Attentional Allocation as Optimal Compression in Visual Search

AbstractThere is large agreement among vision scientists that biological perception is capacity-limited and that attentional mechanisms control how that capacity is allocated. Despite the fact that Bayesian models generally do not include capacity limits, many researchers model perceptual attention as the result of optimal Bayesian inference. This inconsistency arises because vision science currently lacks a feasible and principled computational framework for characterizing optimal attentional allocation in the presence of capacity constraints.

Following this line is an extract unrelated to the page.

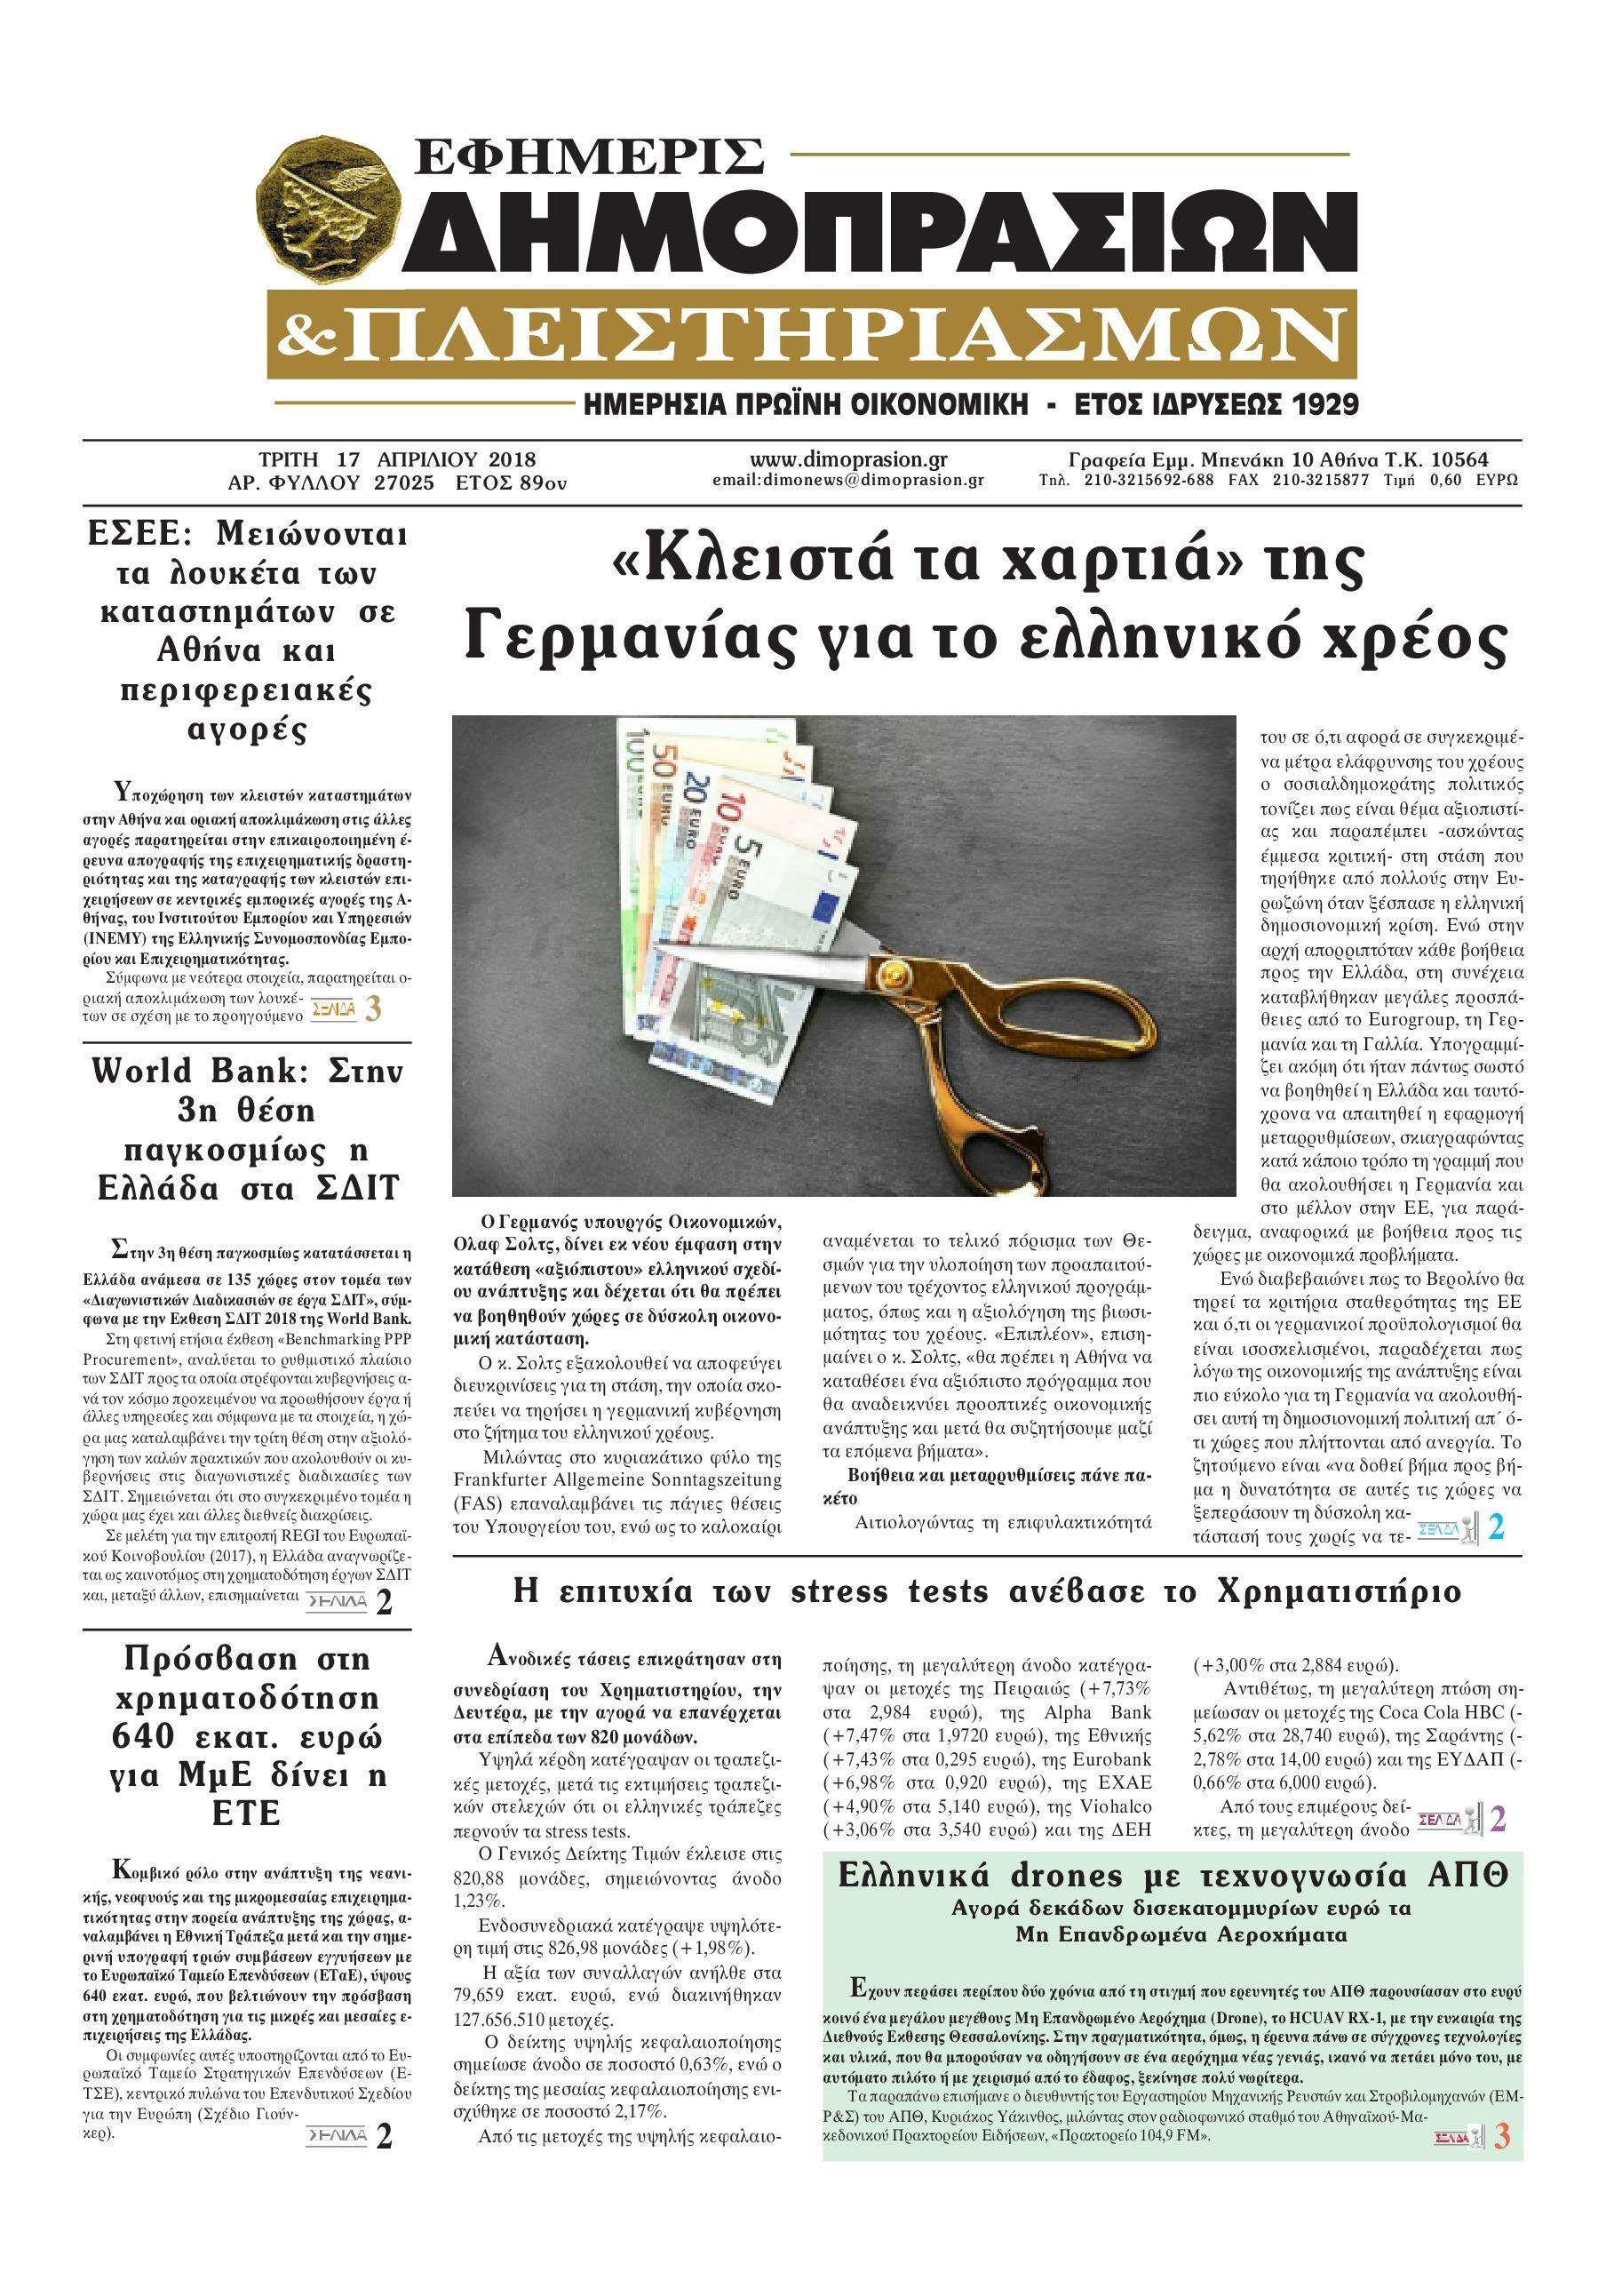 Πρωτοσέλιδο εφημερίδας ����������������������

Here, we introduce such a framework based on rate-distortion theory (RDT), a theory of optimal lossy compression developed in the engineering literature. Our approach defines Bayes-optimal performance when an upper limit on information processing rate is imposed. Here, we compare Bayesian and RDT accounts in a visual search task, and highlight a typical shortcoming of unlimited-capacity Bayesian models that is not shared by RDT models, namely that they often over-estimate task-performance when information-processing demands are increased. In this study, we asked human subjects to find either one or two targets in a collection of distractors in a single-fixation search task. We predicted relative performance between one- and two-target conditions based on both RDT and Bayesian models. Performance differed between conditions in a way that was well accounted for by the capacity-limited RDT model but not by the capacity-unlimited Bayesian model.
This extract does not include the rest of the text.